In the listing below, find the line containing "strawberry by yuliang11" and the line containing "Real Estate Living", then copy exactly everything from the first through the second, except the pictures.

**SOURCE RECORDS**:
■ ■ ■ ■ ■

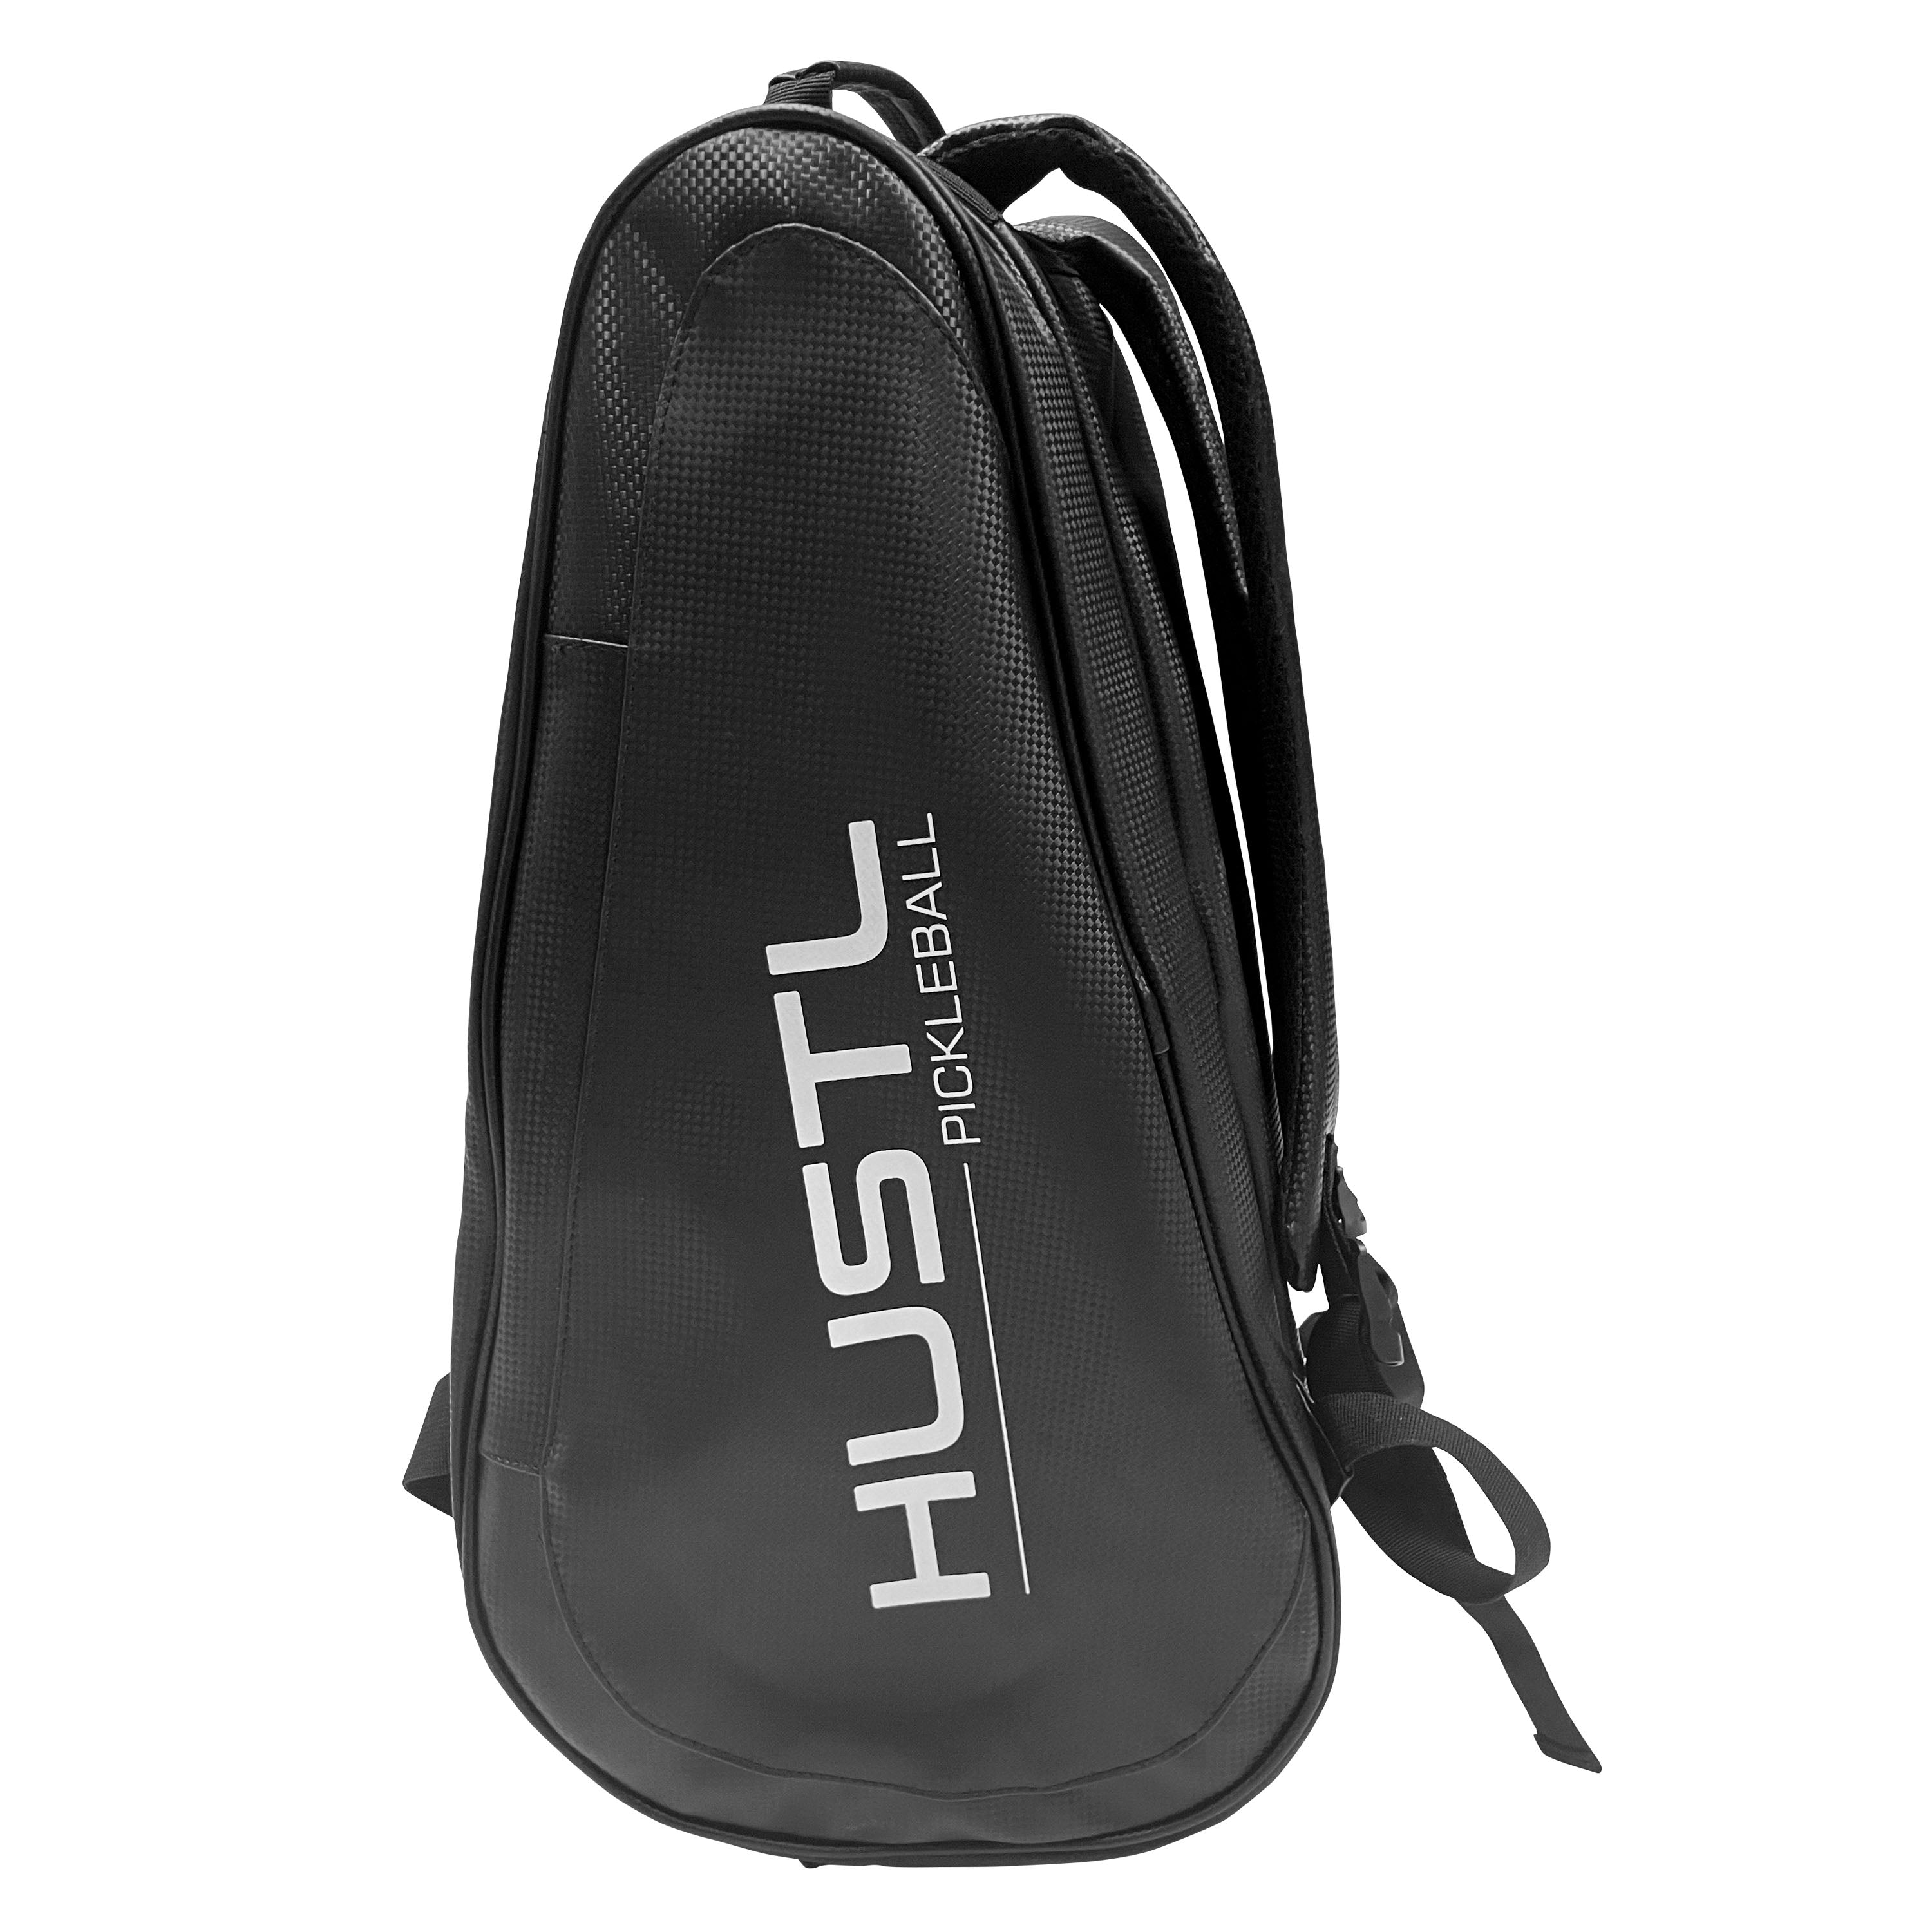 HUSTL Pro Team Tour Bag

■ ■ ■ ■ ■

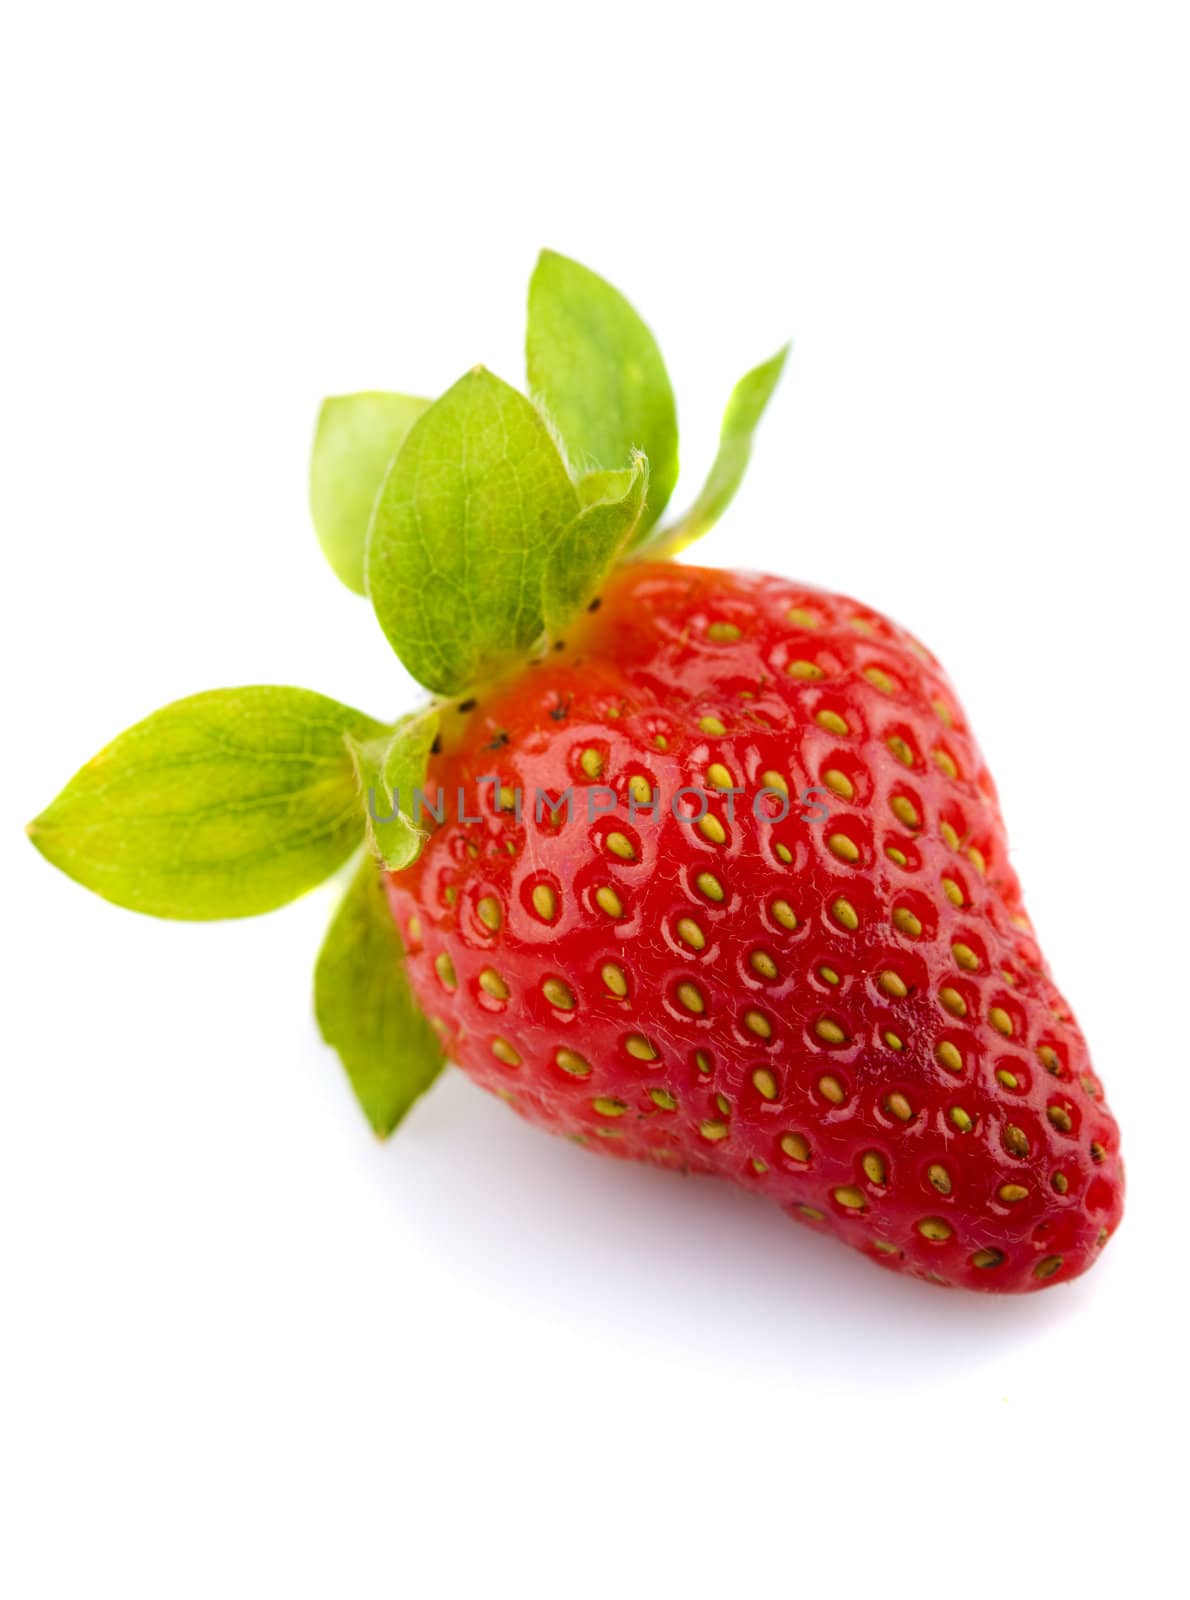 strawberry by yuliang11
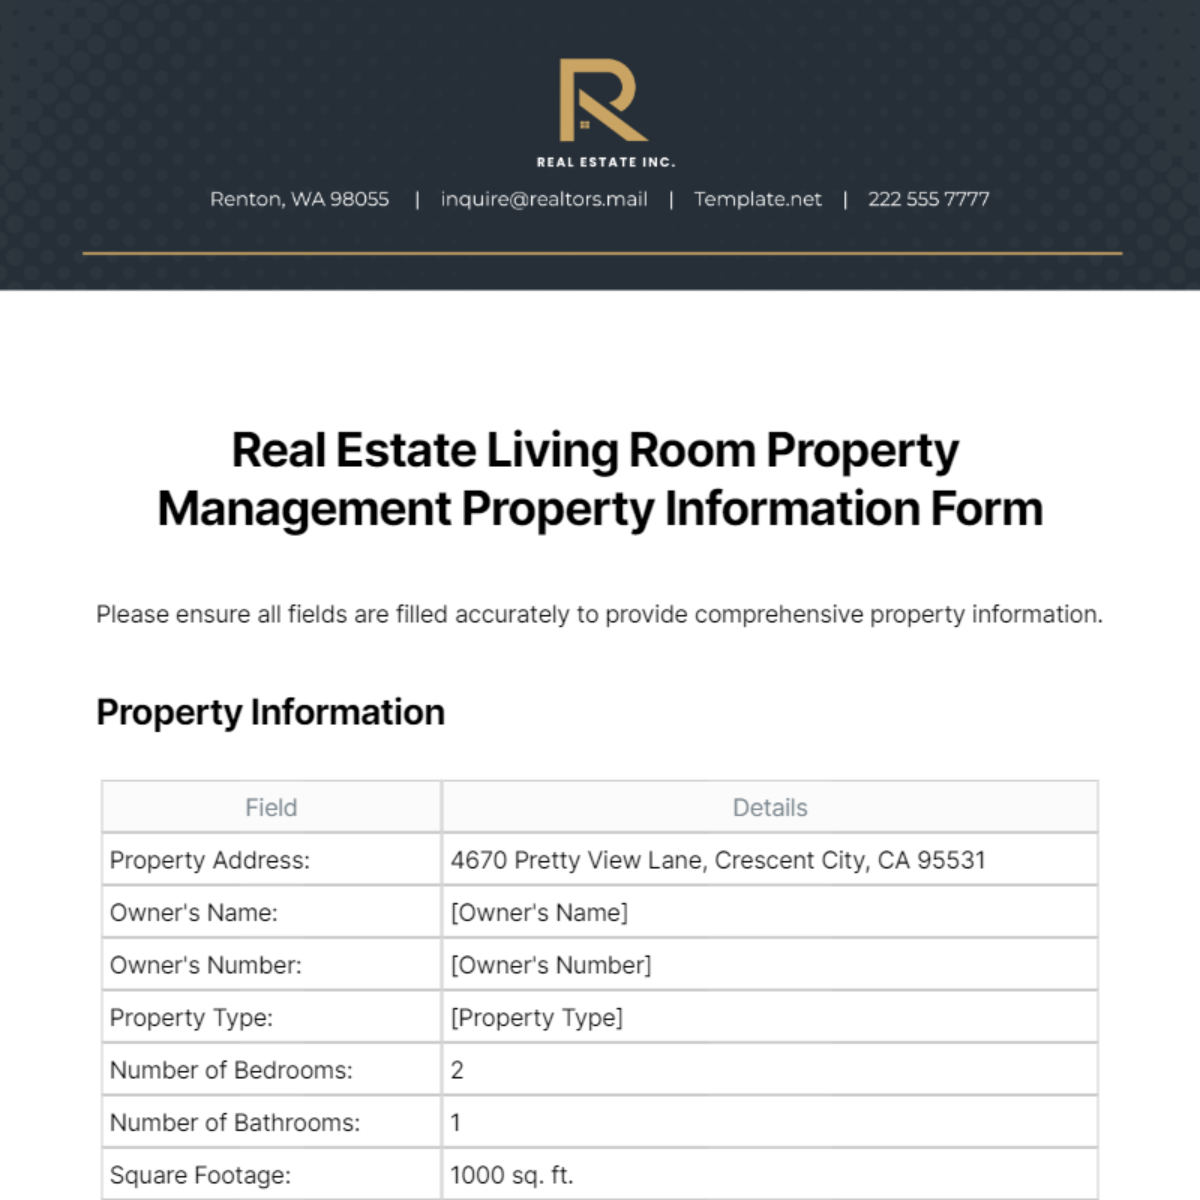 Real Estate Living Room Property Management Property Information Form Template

■ ■ ■ ■ ■

**RESPONSE TO THE EXERCISE**:
 strawberry by yuliang11
 Real Estate Living Room Property Management Property Information Form Template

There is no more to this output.